The London mayor has been gifted superpowers to control housing and planning and the question on everyone’s lips is: how is he going to use them? Ken Livingstone’s pro-growth housing strategy suggests we can be optimistic

All things evolve. Give it time. Superman returns, Daleks can fly, even Monty Panesar’s fielding may improve.

So it is with the mayor of London. Six years after he took office, elected regional assemblies may never recover from the thumbs-down administered by Geordies, Mackems and Teessiders and the jury is still out on local authority elected mayors. But undaunted, the mayor has soldiered on.

He is now to be equipped with new housing, planning and skills powers, as well as other responsibilities (he must now be responsible for more appointments than the Pope).
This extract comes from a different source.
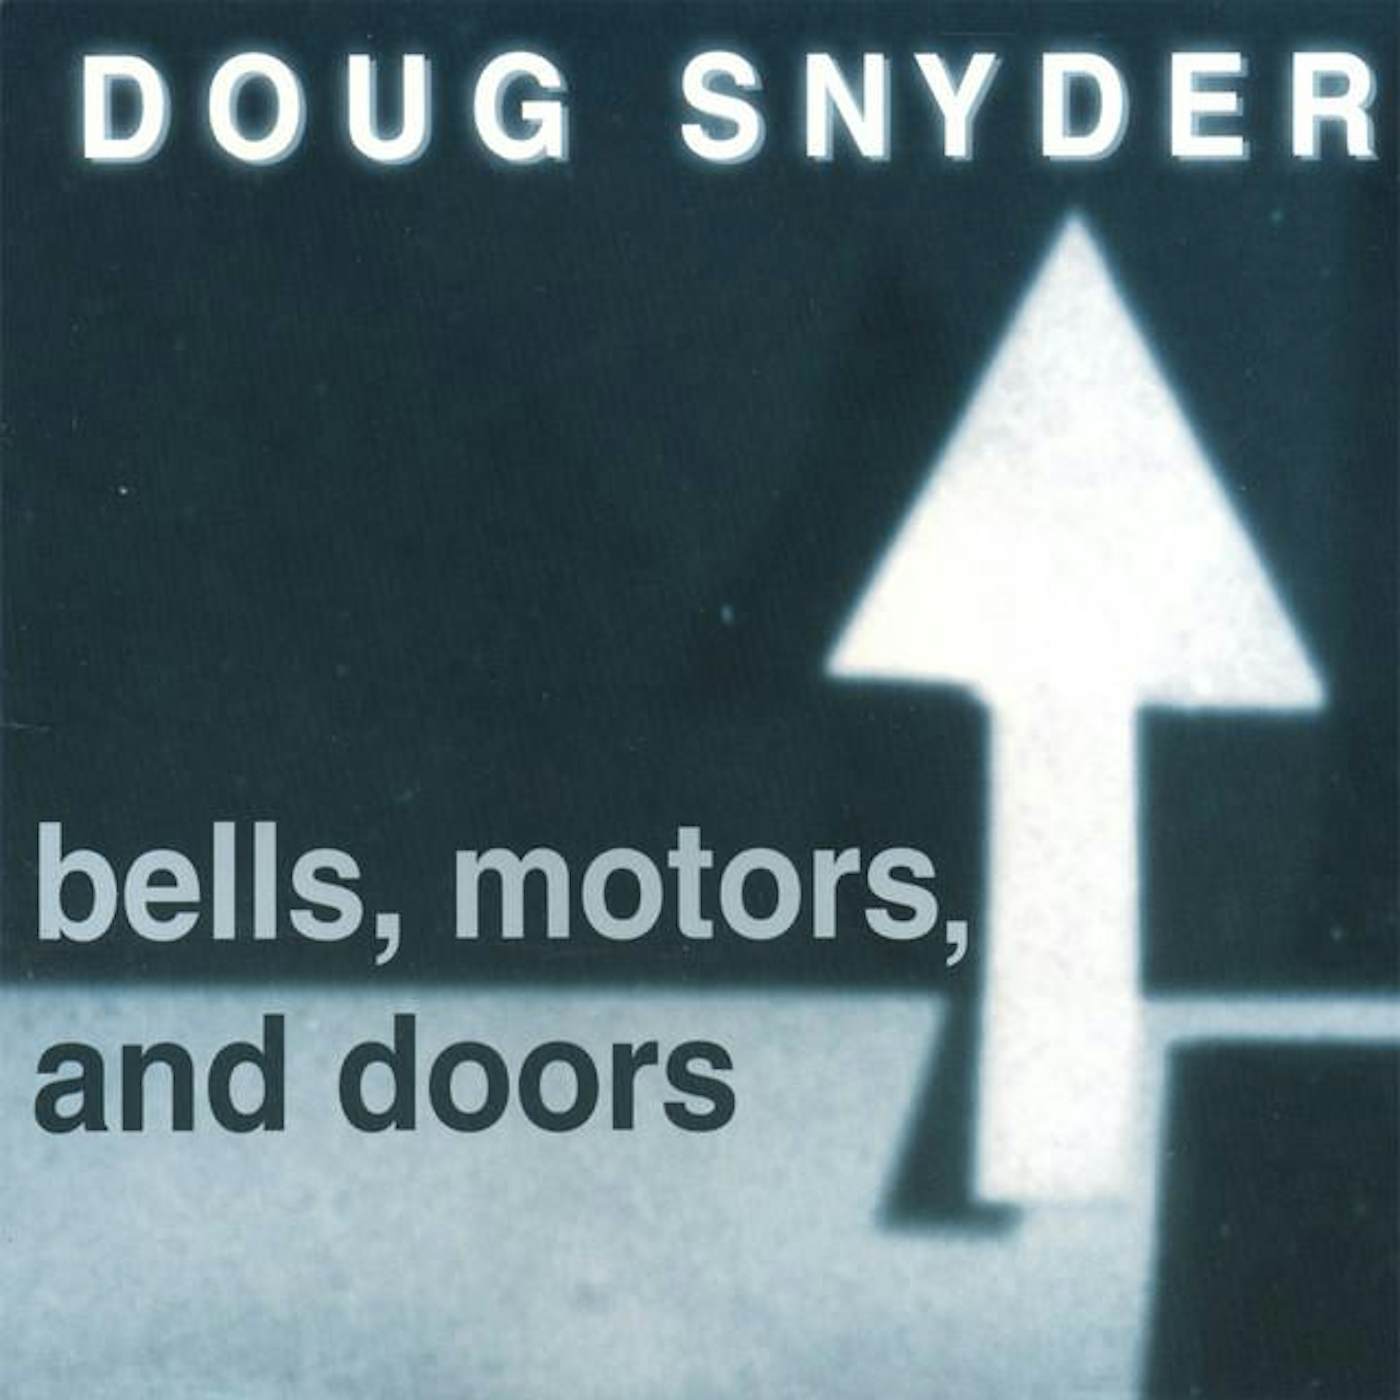 Doug Snyder

As the power plates of the capital shift and realign, the development industry will ask one question: will these extra powers make it easier or harder to get the job done?

A simplistic assessment might state that more layers of government equals more bureaucracy. But in drafting the mayoral proposals, the civil servants have carefully sought to balance interests and not simply add a layer of decision-making. And for the most part, they have succeeded. In future, much will depend on who is in the hot seat as mayor, but for as long as Ken Livingstone is in charge, these powers should make quality development easier to get off the ground.
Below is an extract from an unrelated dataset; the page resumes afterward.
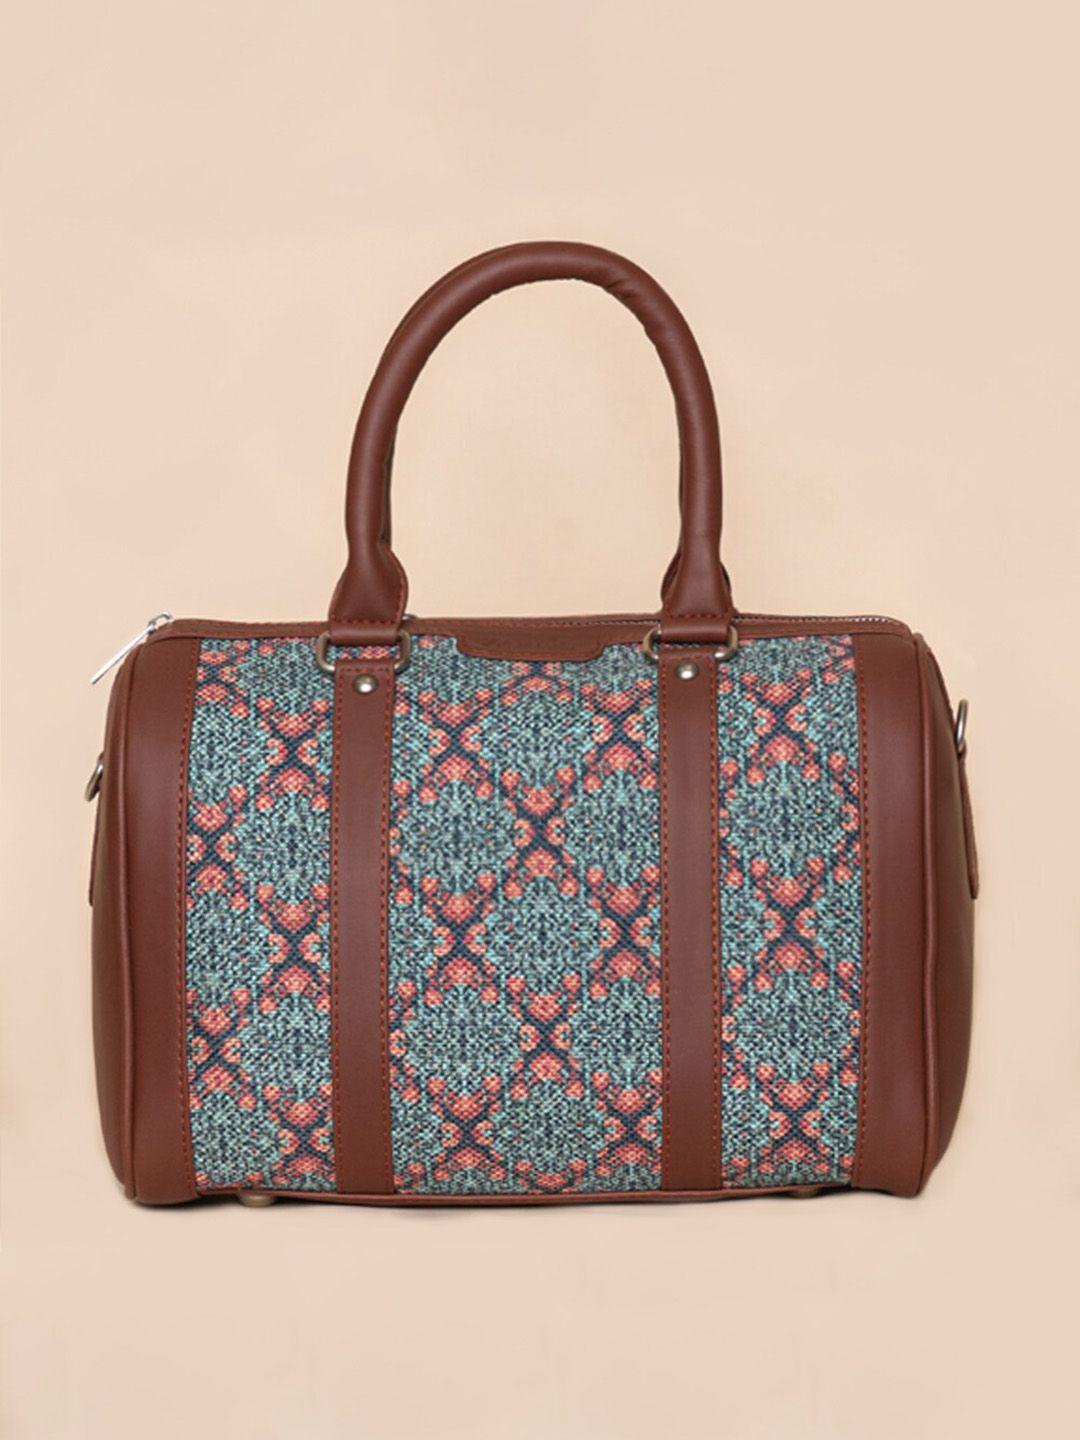 zouk teal & pink ethnic motifs printed structured handheld bag

We can expect a housing strategy that is pro-growth and pro-affordability – a plan the Housing Corporation will relish helping to deliver. The harder part will be in ensuring that the boroughs follow the mayor’s lead.

The proposals state only that the boroughs’ housing strategies must be “in general conformity” with the plan. There would appear to be quite a lot of wriggle room for a recalcitrant borough and no obvious means of enforcement for the mayor, except through his investment decisions – which may not help with authorities seeking to resist affordable housing development. So, it will be interesting to see if we get any more detail on these issues when the bill is published.
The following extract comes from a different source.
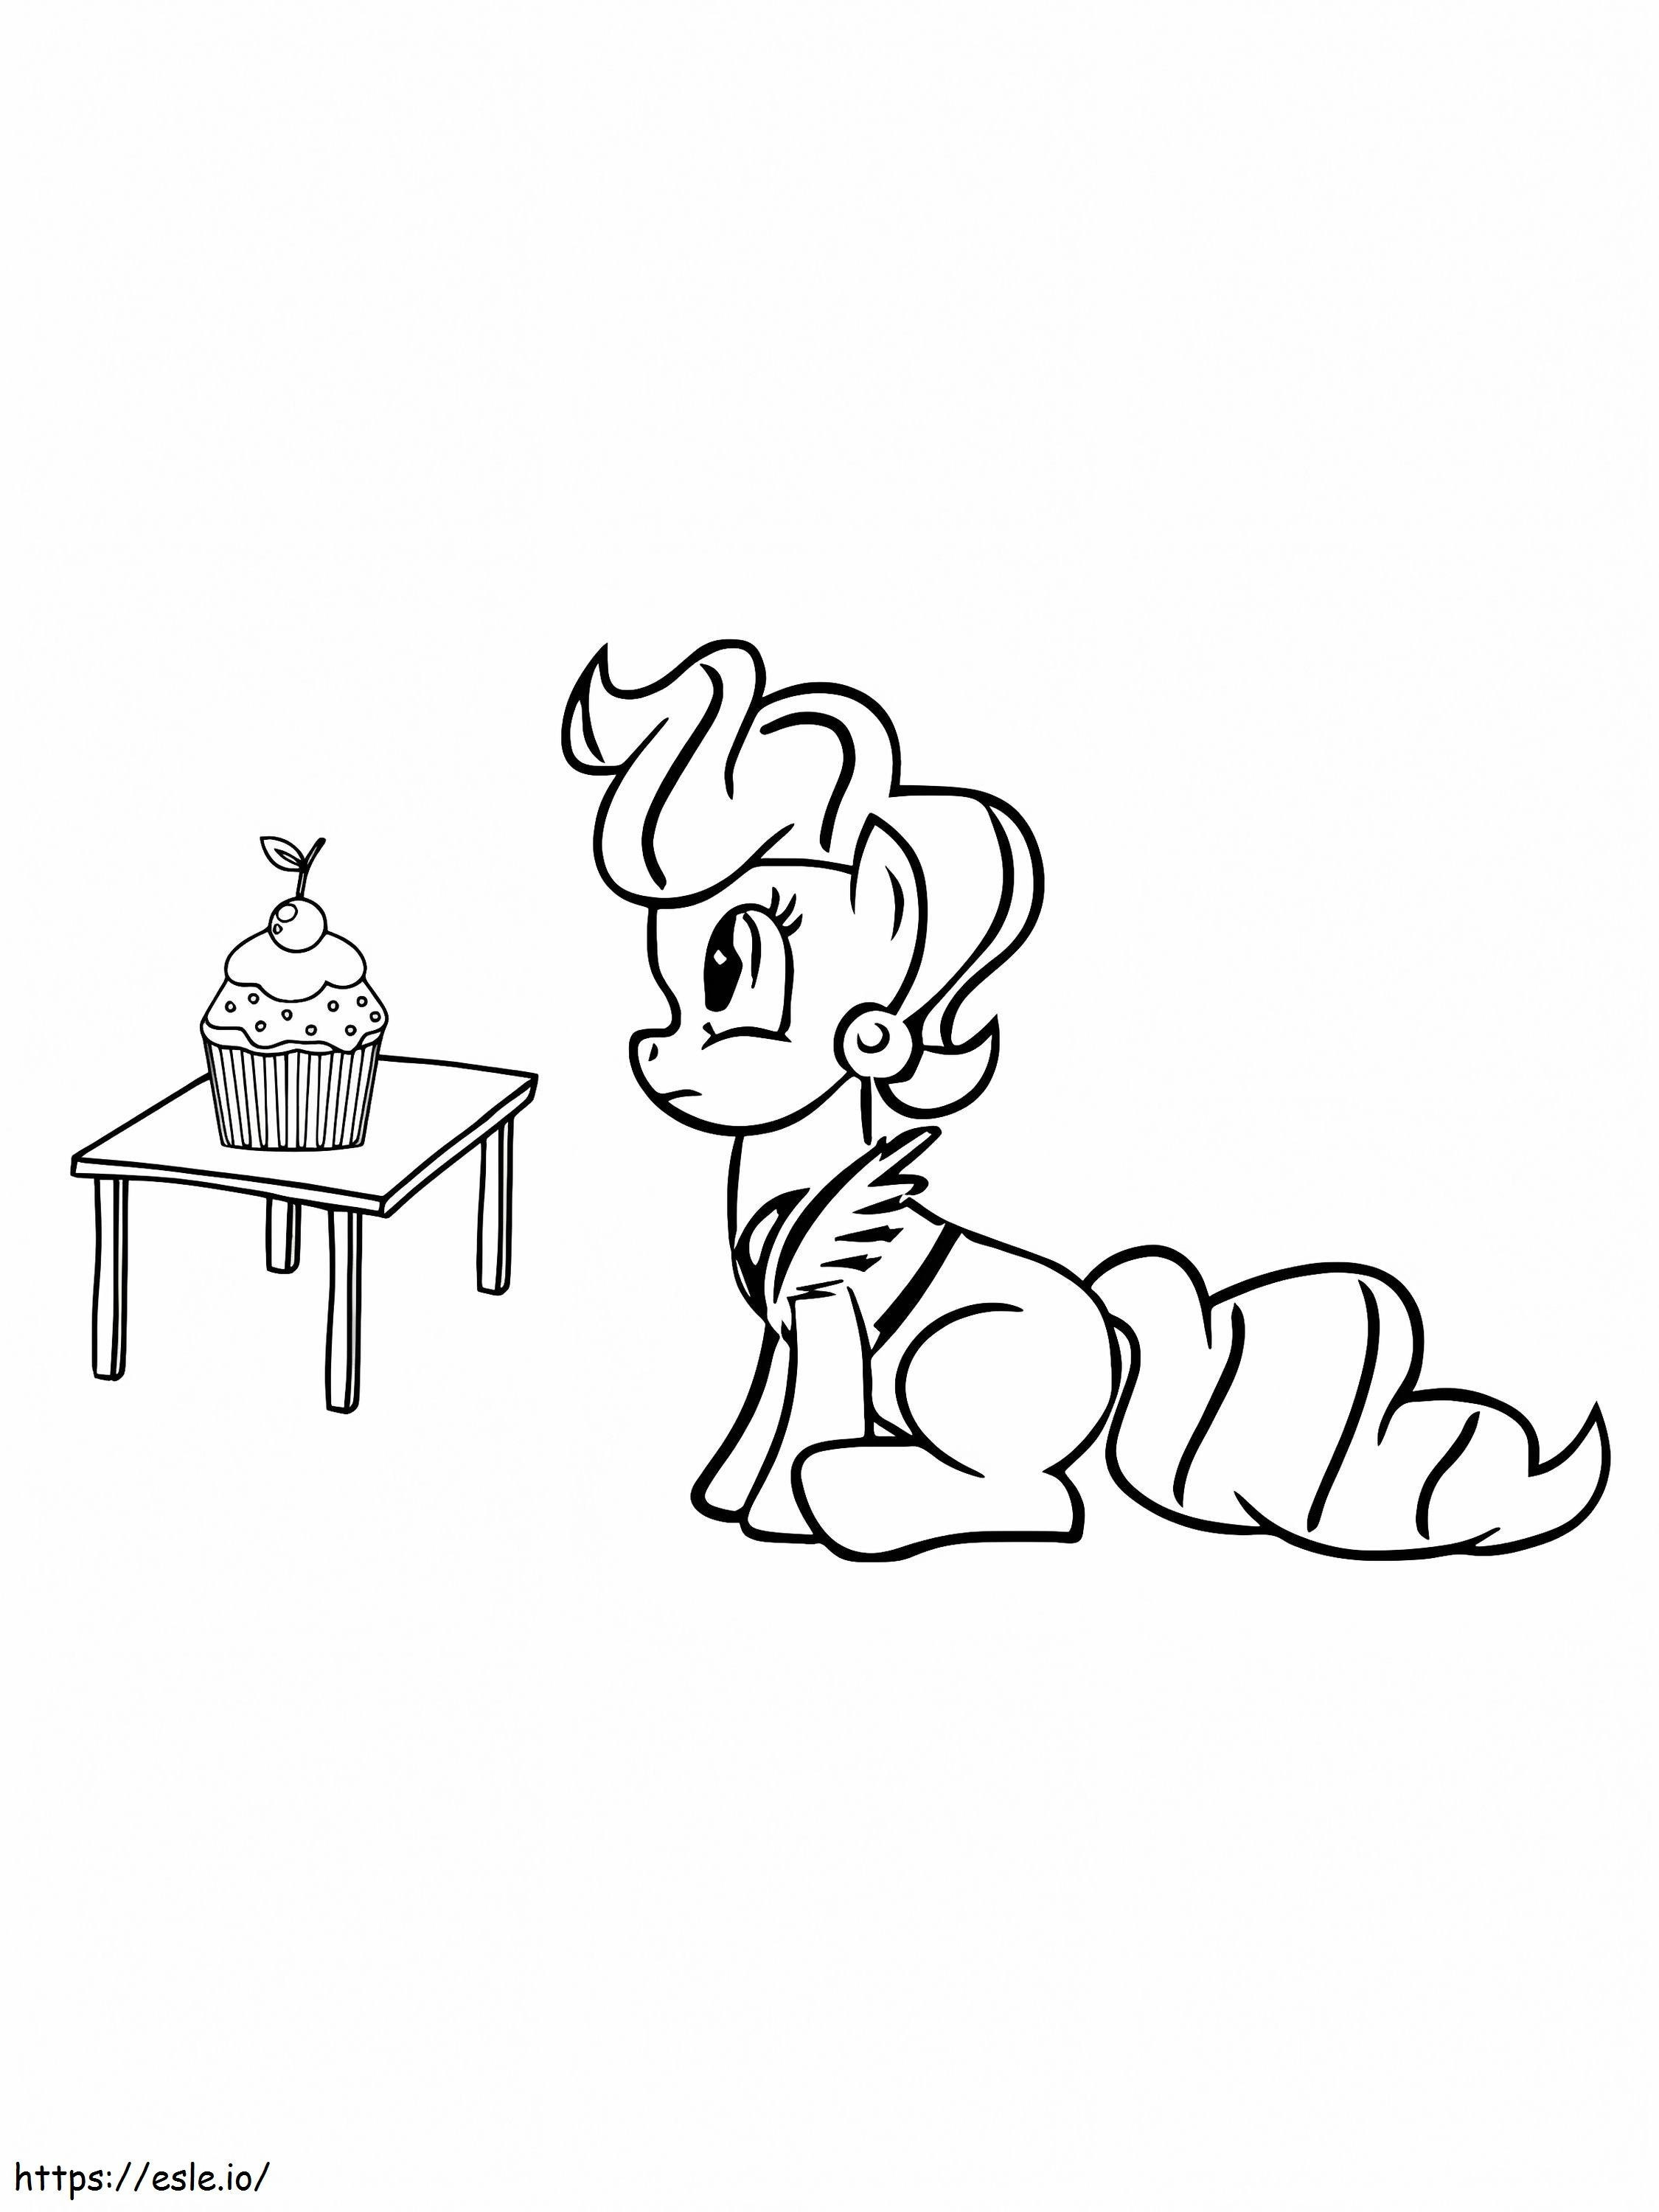 My Little Pony Mrs Tort și Cupcake Pe Masă de colorat

Taking strategic regional decisions at a regional level – once removed from vested local interests – has to be a good thing

Turning to planning, again the extra powers will look very different depending on whether the mayor is pro-development or anti-growth. But on a fundamental level, having strategic regional decisions taken at a regional level – sufficiently close to the public to ensure accountability but once removed from vested local interests – has to be a good thing. Similarly, I applaud giving the mayor the ability to direct changes to local development schemes to ensure they take on board regional priorities.

My one anxiety about the planning powers concerns the timescales for intervention. If I have understood the proposals correctly, the mayor has one shot at call-in, which is when the borough has “considered the strategic issues”. If the mayor lets the application go at this stage, his only later recourse appears to be a negative one – to direct refusal.

I understand why the proposals place this restraint on the mayor: to give certainty to applicants as to who is going to consider their application and to avoid duplication of effort. But I can see some possible problems. First, the mayor may call in more cases than are necessary, particularly with boroughs he doesn’t trust. At the same time, some boroughs may talk the talk to get past the “strategic issues” threshold and then revert to a more localised position, leaving the mayor only with the option of refusal. Although there are no easy answers, I would not be surprised to see further discussion on this issue.

One suspects that this extension of the mayor’s powers is not the end of the story.

It is part of the evolution of devolution in one of the most centralised states in the developed world. It contains progressive steps that must be seen in a wider context of the Lyons review of local government, the work of the unelected regional assemblies and continuing thinking on city-regions as drivers of the national economy.

For both the Housing Corporation and English Partnerships, it requires a shift of alignment whereby local and regional government become our key clients and our main task is using our powers, skills and funding to help them deliver their priorities. Our national status allows us to concentrate scarce skills and resources, and to generate economies of scale, particularly in commercial relationships. But just as a multinational company must adapt its products to local markets, so our approach has become “think local, act local”. For we must also evolve and there is no turning back.